A universal blockchain record also allows competing applications to use the same data. There’s no need for anyone to be tied to a single application.

Dr. Wright mentions the problem of counterfeit goods again as well, saying there are knock-on effects that may lead to losses. One person buying a single counterfeit handbag may not be a lost sale. But supposing a handle on the counterfeit bag breaks and a thousand people see it in that condition, thinking it’s an original—it creates a negative image for that brand that may have a larger impact down the line.

There’s another breakout discussion in this session for the audience to come up with more examples. Not surprisingly, the first example is restaurants with high turnovers and various ingredients. Another interesting one is budget travel, a solo traveler trying to find the cheapest routes from points A to B with ride-share drivers (with the added bonus of tracking the travelers’ location for their family’s peace of mind). Another one looks at the textiles industry and the various ways materials may be wasted, over/under-ordered, transported, etc., and there’s a non-consumer industry example in hospitals monitoring supply and demand for medications (and possibly even staff!)

Dr. Wright also reminds us that everyone can share the same blockchain while keeping records as private as they need. There’s no need for proprietary blockchains; such blockchains only create disadvantages by preventing broader information sharing.

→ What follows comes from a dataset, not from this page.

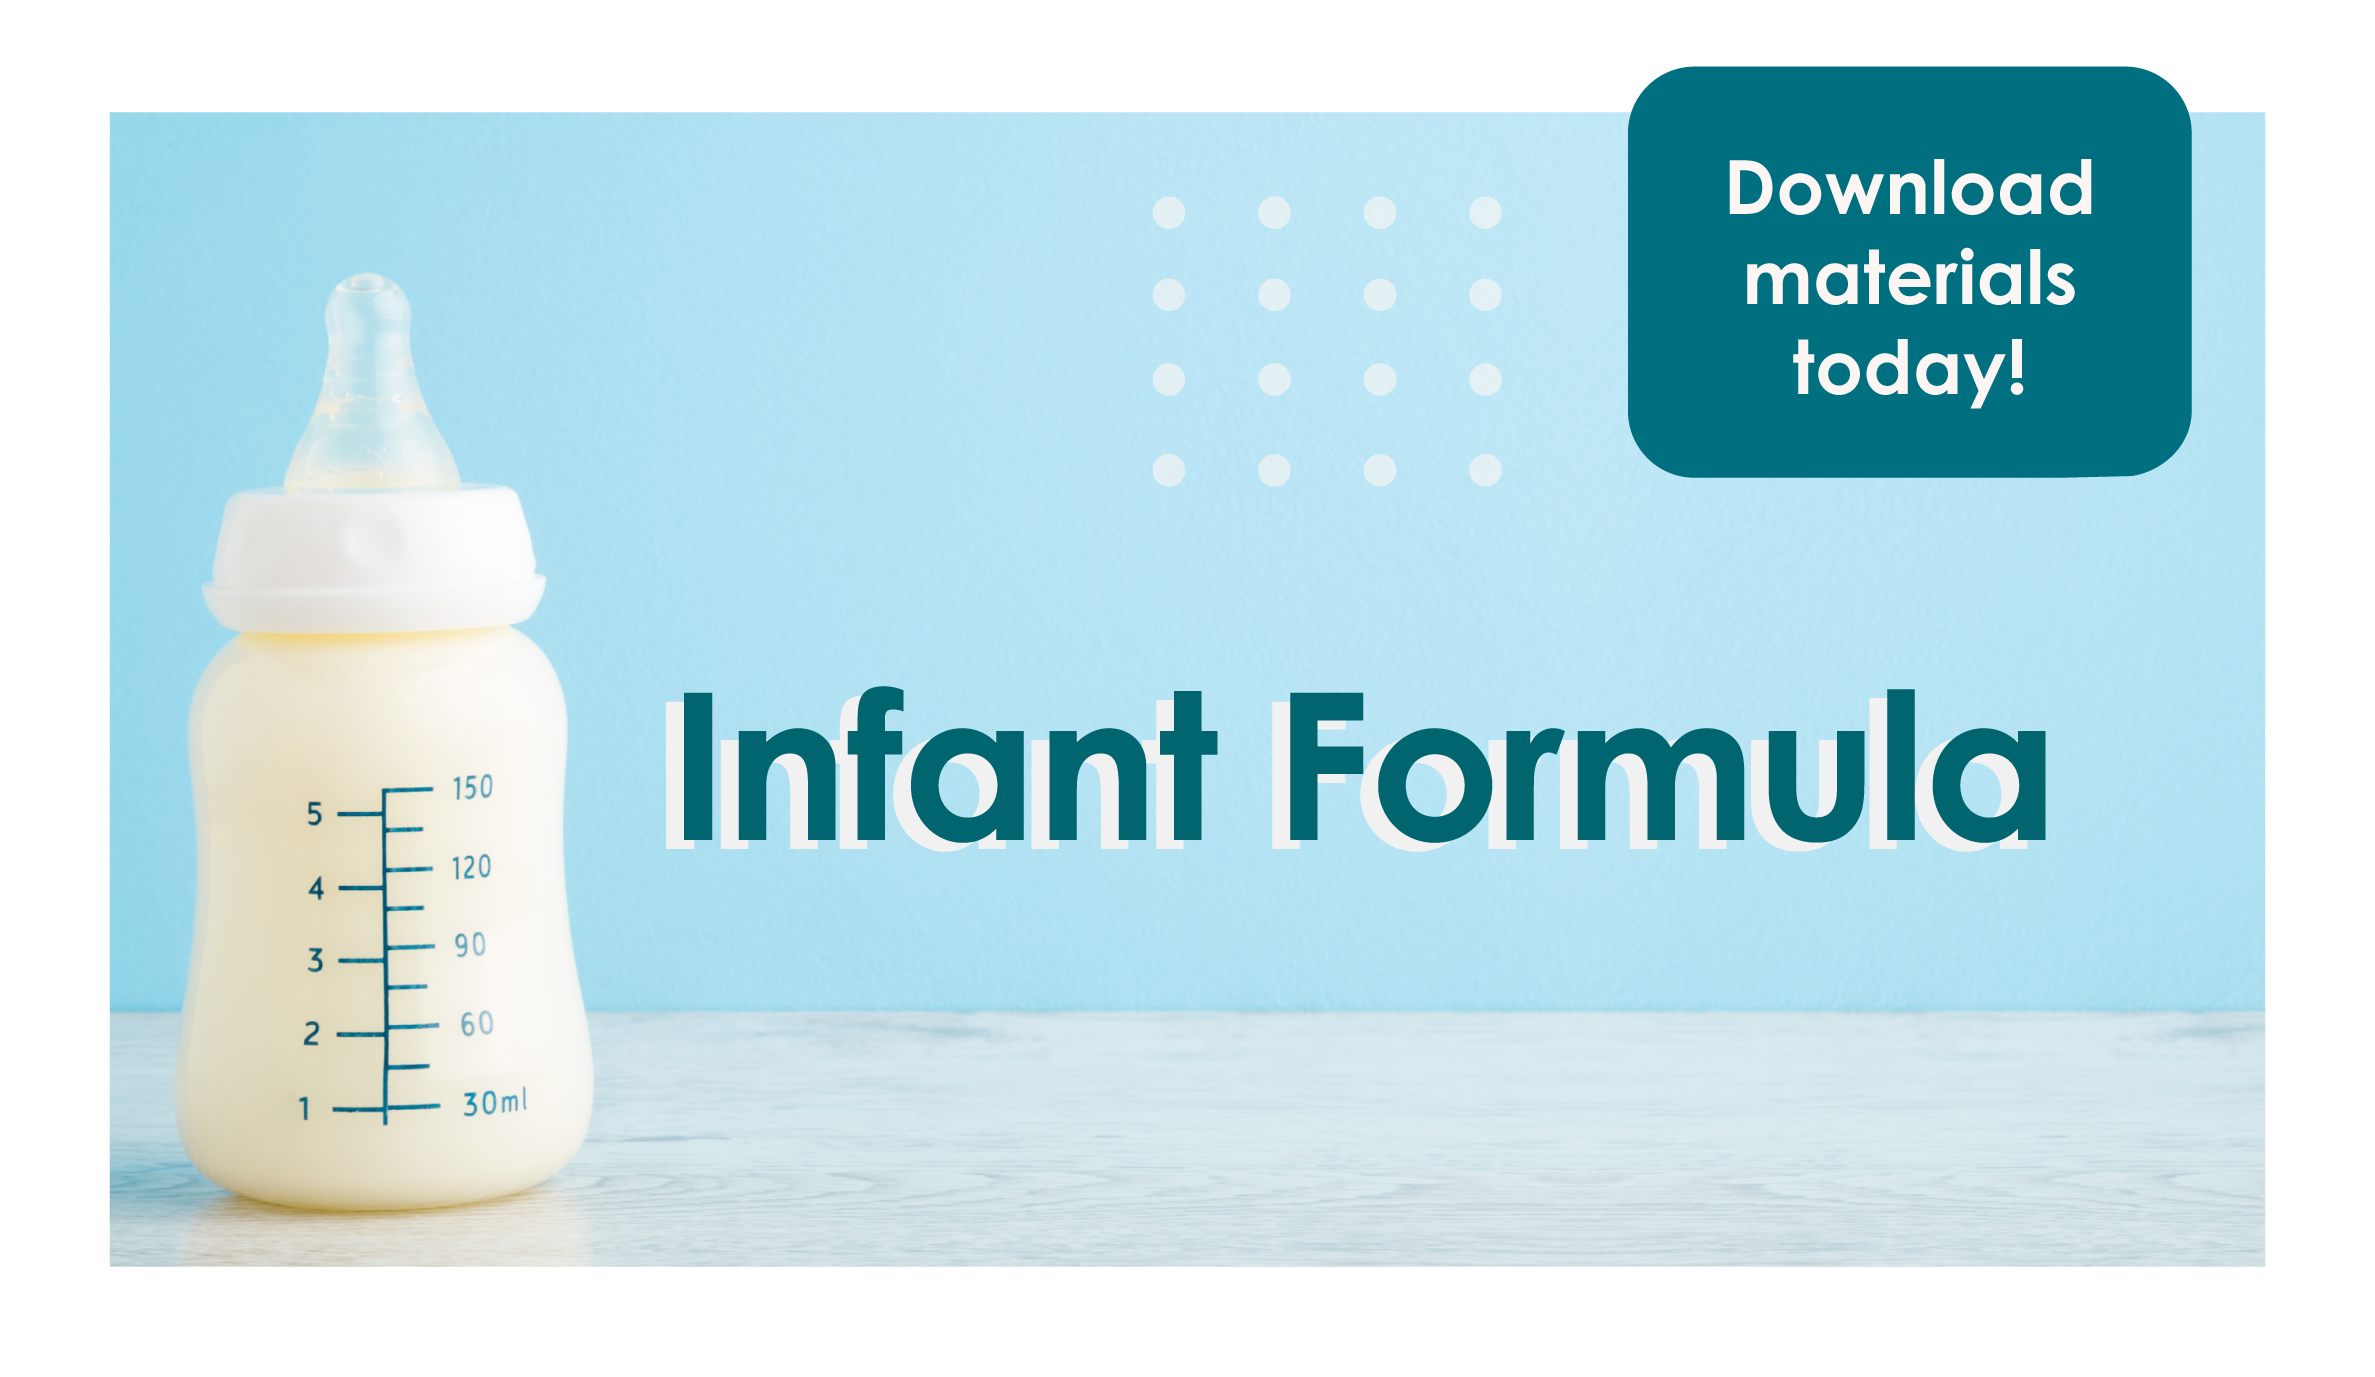 Infant formula: download materials today!

“There’s nothing saying you can’t build a permissioned system on an open blockchain,” he says. A public blockchain may contain real-time, detailed data on product movements, but that doesn’t mean everyone can see it. Complete records of sale and proofs of purchase can exist without any personally-identifying information appearing on them.

Again someone needs to go out and build all these systems before any business can profit from it. No matter what area or industry you’re interested in, there are potential blockchain benefits if you can design the system people want to use.